History: Banks are at the heart of capitalism (2010)
By Justin Baer
Two years after the credit crisis overwhelmed the markets and shook the world’s confidence in the banking system, the debate over the social utility of financial institutions and their services still rages. Yet while the events of 2008-09 were in many ways unprecedented, today’s bank critics and defenders have in some ways simply inherited the same arguments first posed centuries earlier.
Two hundred years before the invention of the credit default swap, when the city of Basel, Switzerland, was known more as the place to sign peace treaties than set capital requirements, the rhetoric over banks’ contributions to society was no less passionate.
Thomas Jefferson, the founding father of the US and author of the Declaration of Independence once called lenders “more dangerous than standing armies” and opposed vehemently the creation of a US central bank. Not surprisingly his political rival, Alexander Hamilton, had a different view.
“Most commercial nations have found it necessary to institute banks and they have proved to be the happiest engines that ever were invented for advancing trade,” Mr Hamilton, the first US Treasury secretary and founder of the Bank of New York, wrote in 1781. “Venice, Genoa, Hamburg, Holland and England are examples of their utility.”
Hamilton was arguing for the creation of a national bank, but his words – as well as those of his rival, Jefferson – could easily apply to the role of commercial and investment banks in creating the modern business world.
In the 19th century, as agrarian economies gave way to the industrial revolution, corporations sprang to life with the help of banks. Companies and individuals no longer relied on barter to conduct business. Cash, so the cliché goes, became king.
“By 1900, there were dozens of industrial corporations,” says John Steele Gordon, a business historian and author of An Empire of Wealth: The Epic History of American Economic Power. “It was a whole new world. These companies needed huge amounts of capital.”
The bankers came of age, too. John Pierpont Morgan and Jacob Schiff, the dominant financiers of the era, provided the capital for Western Union, General Electric, Carnegie Steel and many other industrial heavyweights.
By the early 20th century, stock markets would emerge as significant sources of capital, giving rise to a new class of corporate owners.
“You had more stakeholders involved than ever before,” says Charles Geisst, professor of finance at Manhattan College and the author of several books on Wall Street.
Family-run businesses went public and hired professional managers, Mr Geisst said.
When the markets grew overheated and panic ensued in 1907, it was the Morgans and the Schiffs – the US Congress had not yet created the Federal Reserve – who stepped in with capital to shore up the banking system.
The private banks filled that void, but the truth is they had to,” Mr Geisst says. “There was not one else to do it.”
While the formation of a US central bank would forever change the industry’s response to crises, banks continued to play pivotal roles in developing the world’s economies.
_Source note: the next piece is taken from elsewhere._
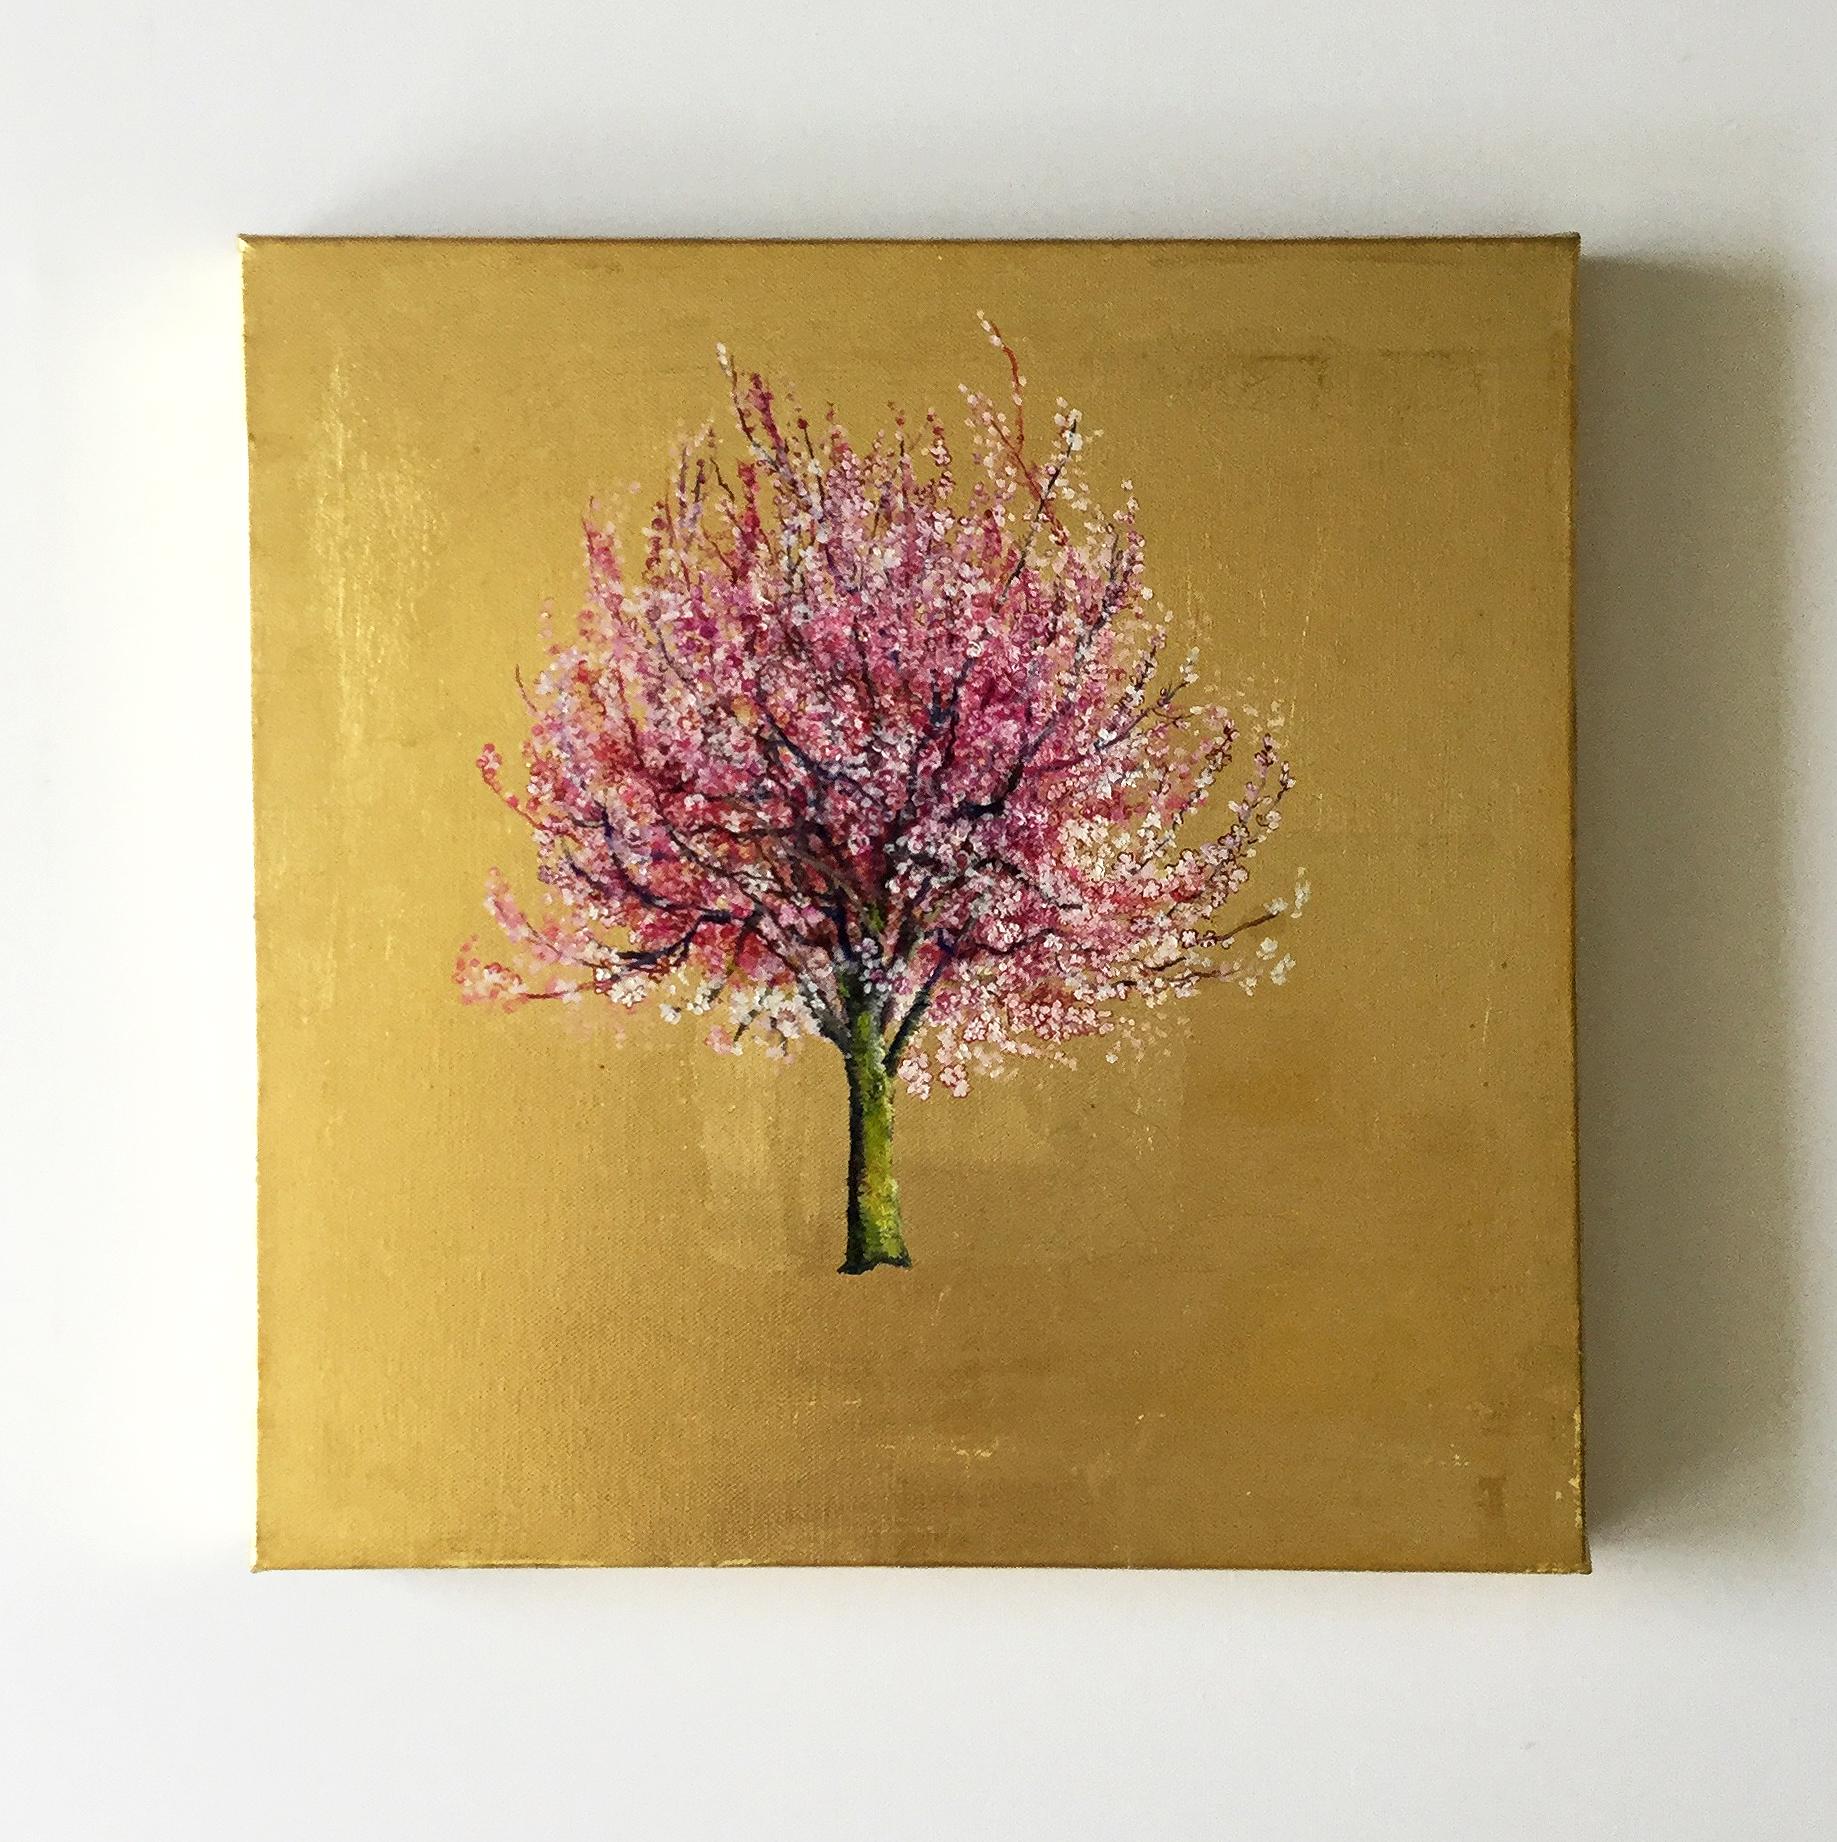 Anastasia Gklava Figurative Painting - Early Blossom, Elegant Oil on Canvas with Gold Leaf, Pink Tree & Flowers

Depression-era regulations would separate Wall Street – the issuance and trading of securities – from commercial banking – taking deposits and making loans. Until those rules were rewritten decades later, financial institutions from each side of the divide would flourish on their own.
Walter Wriston, who ran Citibank from 1967 to 1984, would help bring automated teller machines to almost hundreds of thousands of street corners. Millions of consumers would come to own credit cards and certificates of deposits.
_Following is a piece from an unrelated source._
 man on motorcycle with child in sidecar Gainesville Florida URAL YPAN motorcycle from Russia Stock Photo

Epitomised by Lazard’s Felix Rohatyn, investment bankers helped corporate chieftains expand dramatically through mergers and acquisitions, creating a new generation of conglomerates that would diversify into markets with little or no connection to their core businesses.
From seeding a burgeoning technology sector and creating a junk-bond market that would finance leveraged buyouts (and corporate raiders), to the development of the debt-securitisation markets that would create a massive mortgage bubble, banks have been at or near the epicentre of every economic boom or bust of the past century.
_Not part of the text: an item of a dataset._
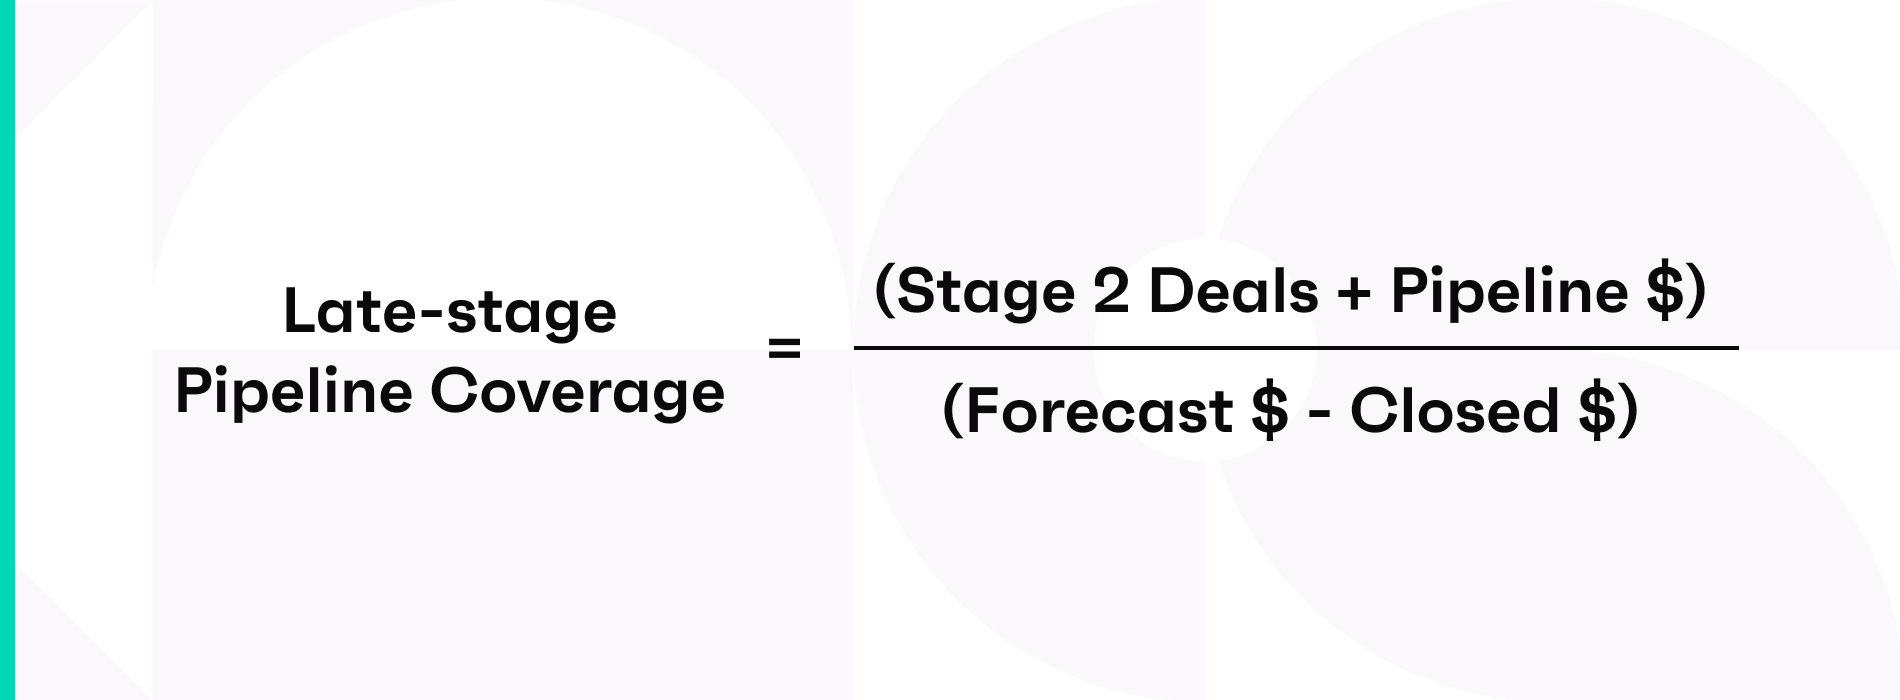 Late-stage pipeline coverage = (Stage 2 deals + Pipeline $) / (Forecast $ - Closed $)

Occasionally, bankers did play a more direct role in society, as they did in the 1970s in helping the city of New York restructure its debt to avoid bankruptcy after the US president, Gerald Ford, famously declined to offer federal aid. The cause – one their critics would argue was not entirely selfless – would help burnish Wall Street’s reputation in its hometown.
“There was great hostility toward New York,” says Mr Rohatyn, who led the effort as chairman of the Municipal Assistance Corporation. “Bailing out New York City became a symbol. If the city went bankrupt, that would show that liberalism was a sham.”
Bailing out the banks themselves, as the world’s governments did in the most recent crisis, was symbolic, too. Whether one believes they are deadlier than hostile forces or “happy engines” of economic growth, few now doubt the financial services industry’s importance to the economy.
“The banking industry is the circulatory system of the economy,” Mr Gordon says. “It’s analogous to the heart. Breaking your arm is unpleasant – it takes awhile to recover but eventually you’re as good as new. If your heart fails, you’re in trouble.”